In three-word snatches, Cliff described this. The robot became cherry red, the sharp edges of the icelike block rounded, and the whole structure began to sag. The process accelerated. The robot's body moved more widely. The plastic lowered to the crown of his head, then to his neck, then to his waist, which was as far as Cliff could see. His body was free! And then, still cherry-red, he moved forward out of sight!
Cliff strained eyes and ears, but caught nothing but the distant roar of the watchers beyond the police lines and a few low, sharp commands from the batteries posted around him. They, too, had heard, and perhaps seen by telescreen, and were waiting.
Several minutes passed. There was a sharp, ringing crack; the great metal doors of the wing flew open, and out stepped the metal giant, glowing no longer. He stood stock-still, and his red eyes pierced from side to side through the darkness.
Voices out in the dark barked orders and in a twinkling Gnut was bathed in narrow, crisscrossing rays of sizzling, colored light. Behind him the metal doors began to melt, but his great green body showed no change at all. Then the world seemed to come to an end; there was a deafening roar, everything before Cliff seemed to explode in smoke and chaos, his tree whipped to one side so that he was nearly thrown out. Pieces of debris rained down. The tank gun had spoken, and Gnut, he was sure, had been hit.
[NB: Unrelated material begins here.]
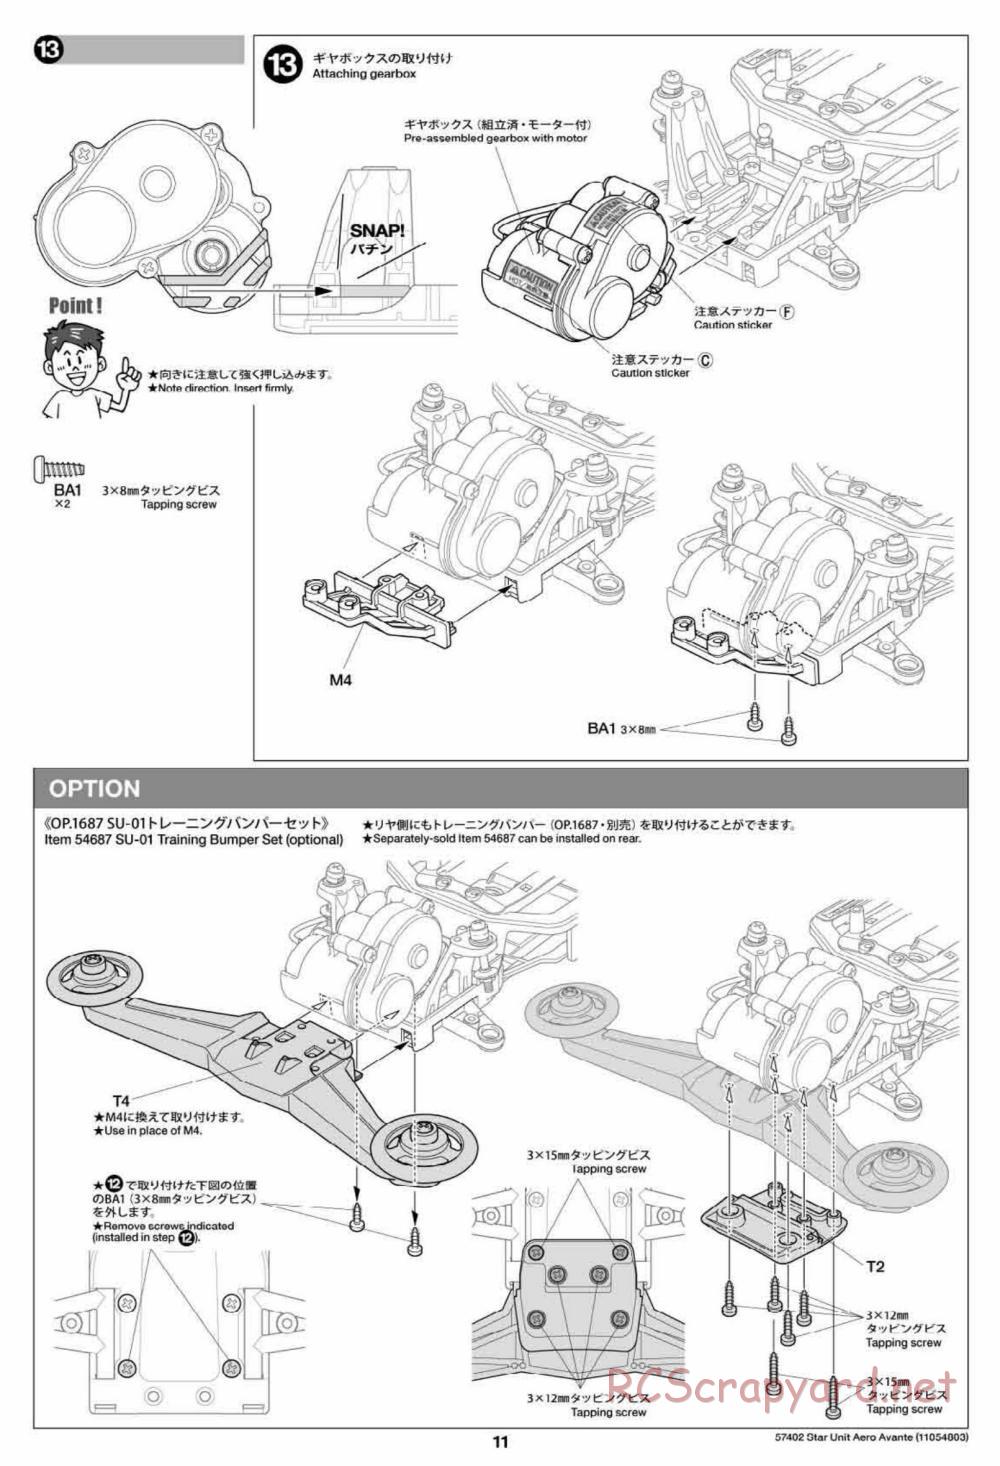 Tamiya - Aero Avante Chassis - Manual - Page 11

Cliff held on tight and peered into the haze. As it cleared he made out a stirring among the debris at the door, and then dimly but unmistakably he saw the great form of Gnut rise to his feet. He got up slowly, turned toward the tank, and suddenly darted toward it in a wide arc. The big gun swung in an attempt to cover him, but the robot sidestepped and then was upon it. As the crew scattered, he destroyed its breech with one blow of his fist, and then he turned and looked right at Cliff.
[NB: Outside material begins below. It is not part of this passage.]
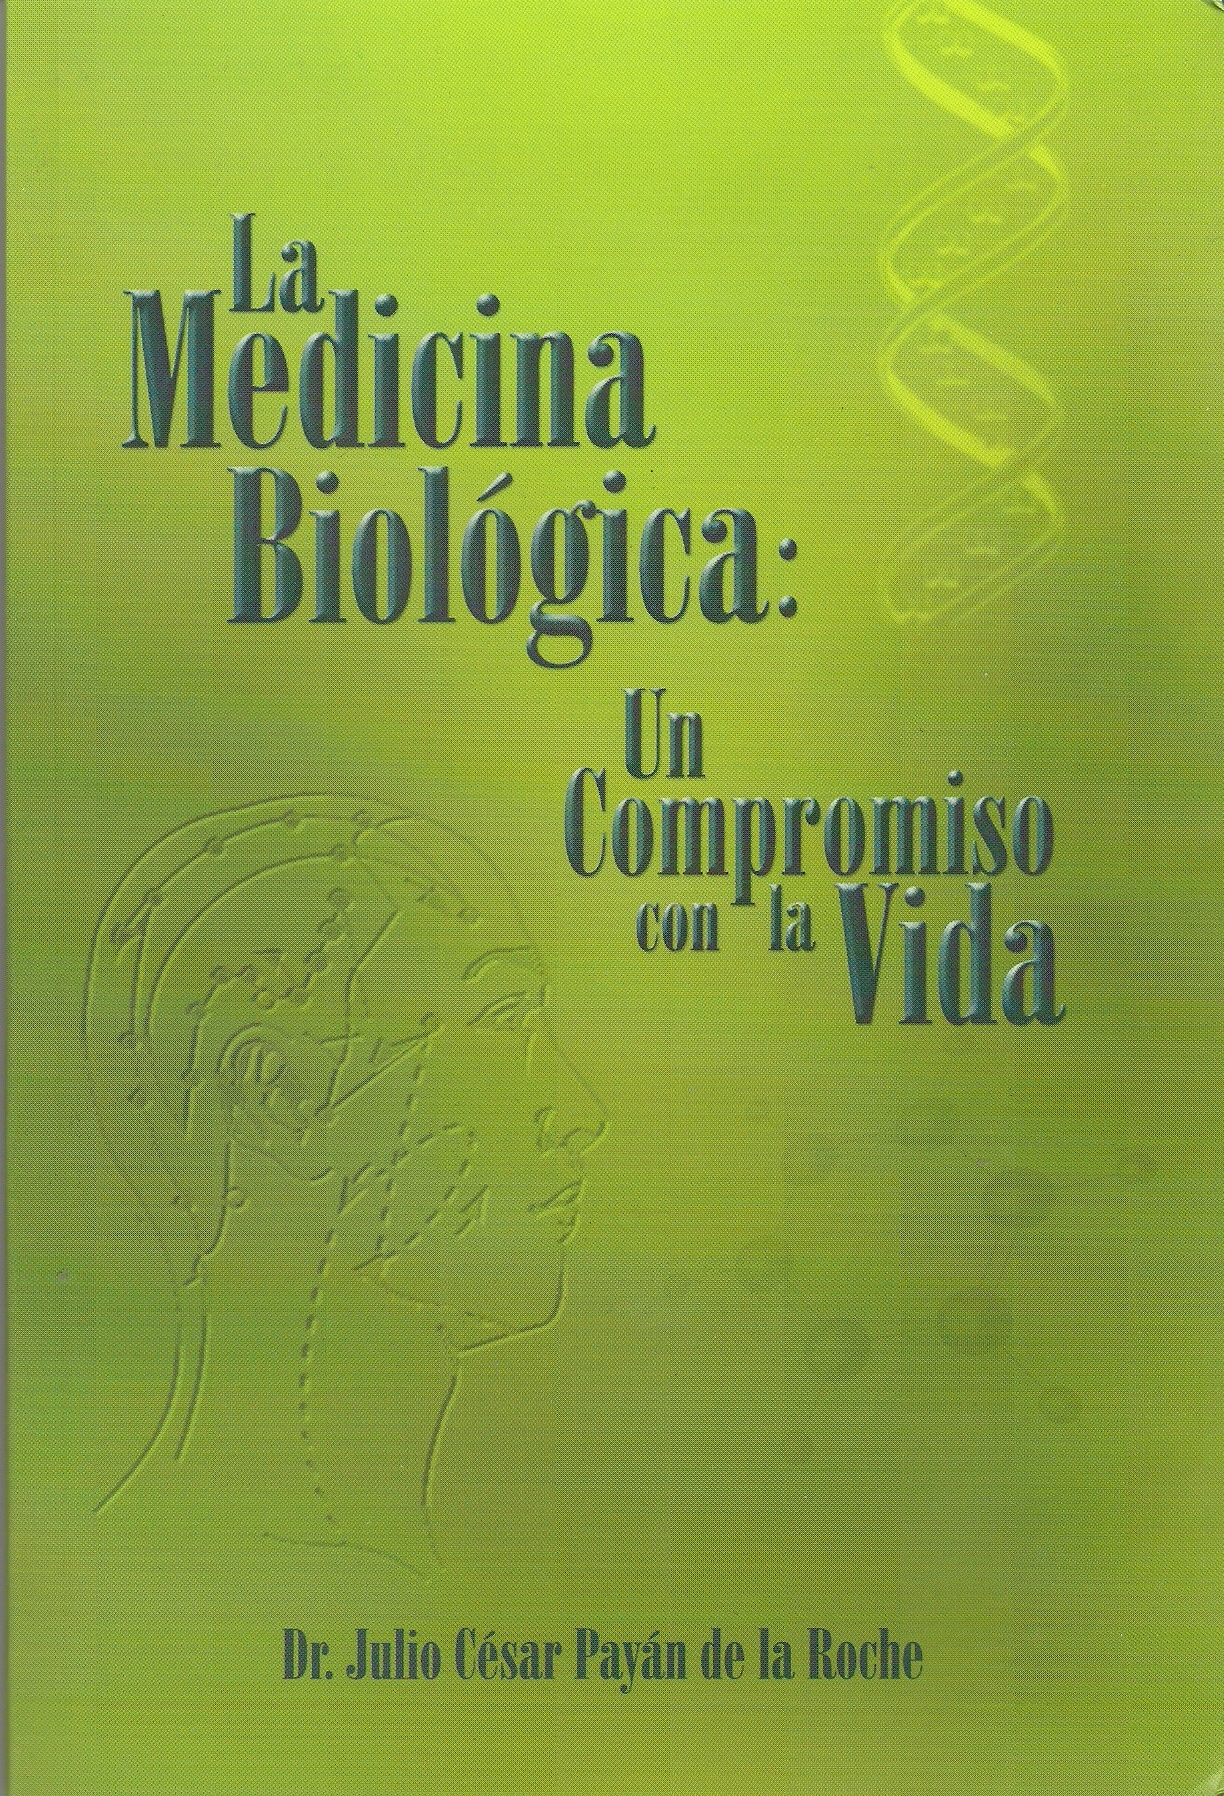 MEDICINA_BIOLOGICA_-_Portada

He moved toward him, and in a moment was under the tree. Cliff climbed higher. Gnut put his two arms around the tree and gave a lifting push, and the tree tore out at the roots and fell crashing to its side. Before Cliff could scramble away, the robot had lifted him in his metal hands.
Cliff thought his time had come, but strange things were yet in store for him that night. Gnut did not hurt him. He looked at him from arm's length for a moment, then lifted him to a sitting position on his shoulders, legs straddling his neck. Then, holding one ankle, he turned and without hesitation started down the path which led westward away from the building.
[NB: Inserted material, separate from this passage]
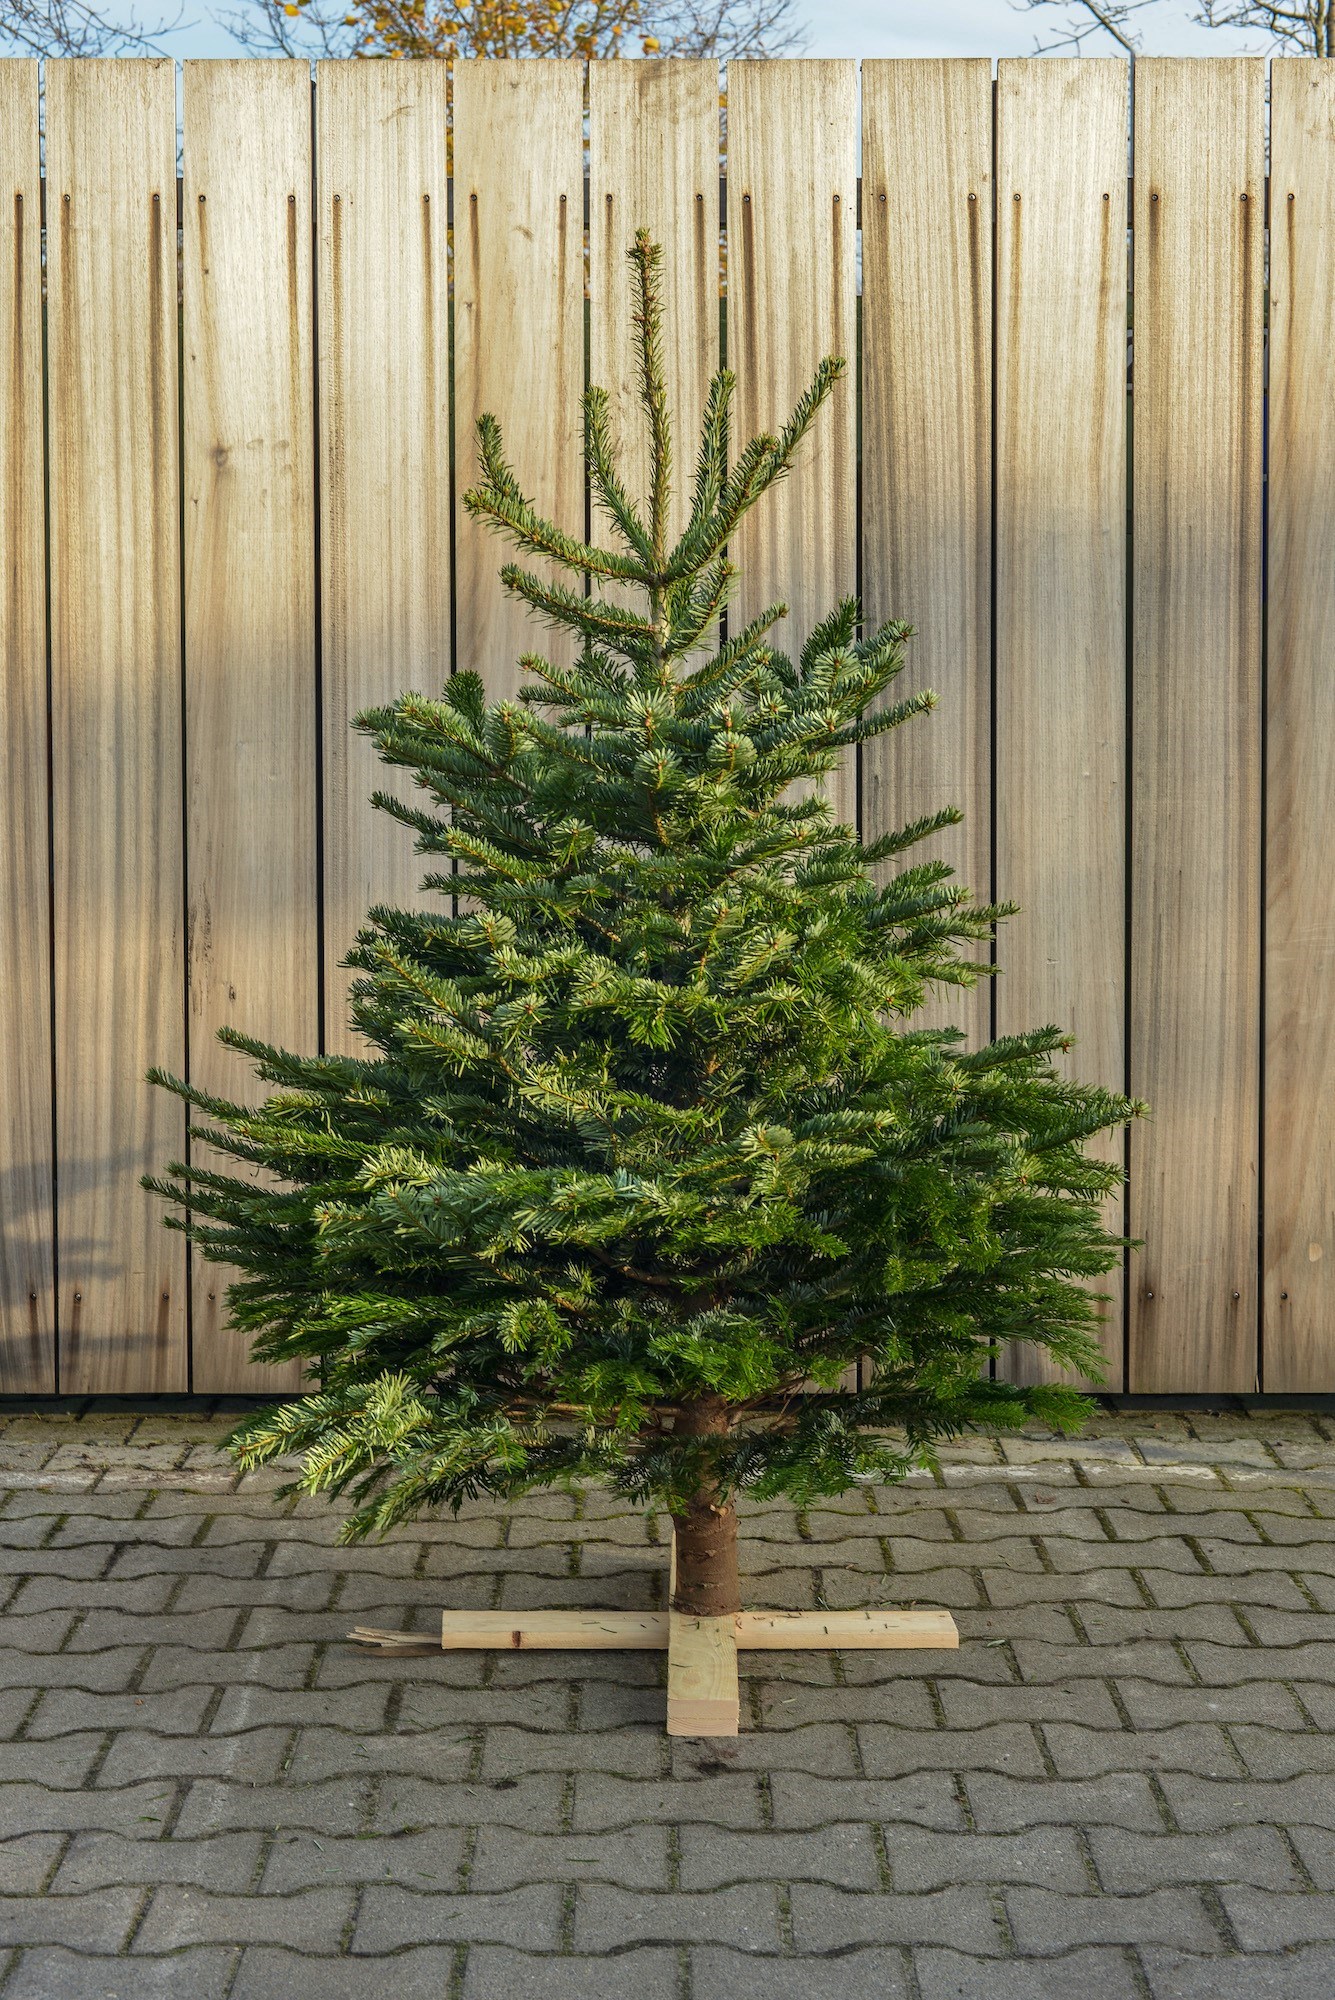 hardware vijver Stralend Voor inwoners van Brabant koop online je kerstboom bij Tuindingen.nl en we  leveren gratis aan huis We selecteren de mooiste bomen Bepaal zelf wanneer  wij de kerstboom thuis bezorgen Rechtstreeks van de kwekerij bezorgen wij  gratis in heel de ...

Cliff rode helpless. Out over the lawns he saw the muzzles of the scattered field pieces move as he moved, Gnut-and himself-their one focus. But they did not fire. Gnut, by placing him on his shoulders, had secured himself against that-Cliff hoped.
The robot bore straight toward the Tidal Basin. Most of the field pieces throbbed slowly after. Far back, Cliff saw a dark tide of confusion roll into the cleared area-the police lines had broken. Ahead, the ring thinned rapidly off to the sides; then, from all directions but the front, the tide rolled in until individual shouts and cries could be made out. It came to a stop about fifty yards off, and few people ventured nearer.
Gnut paid them no attention, and he no more noticed his burden than he might a fly. His neck and shoulders made Cliff a seat hard as steel, but with the difference that their underlying muscles with each movement flexed, just as would those of a human being. To Cliff, this metal musculature became a vivid wonder.
Straight as the flight of a bee, over paths, across lawns and through thin rows of trees Gnut bore the young man, the roar of thousands of people following close. Above droned copters and darting planes, among them police cars with their nerve-shattering sirens. Just ahead lay the still waters of the Tidal Basin, and in its midst the simple marble tomb of the slain ambassador, Klaatu, gleaming black and cold in the light of the dozen searchlights always trained on it at night. Was this a rendezvous with the dead?
Without an instant's hesitation, Gnut strode down the bank and entered the water. It rose to his knees, then above his waist, until Cliff's feet were under. Straight through the dark waters for the tomb of Klaatu the robot made his inevitable way.
The dark square mass of gleaming marble rose higher as they neared it. Gnut's body began emerging from the water as the bottom shelved upward, until his dripping feet took the first of the rising pyramid of steps. In a moment they were at the top, on the narrow platform in the middle of which rested the simple oblong tomb.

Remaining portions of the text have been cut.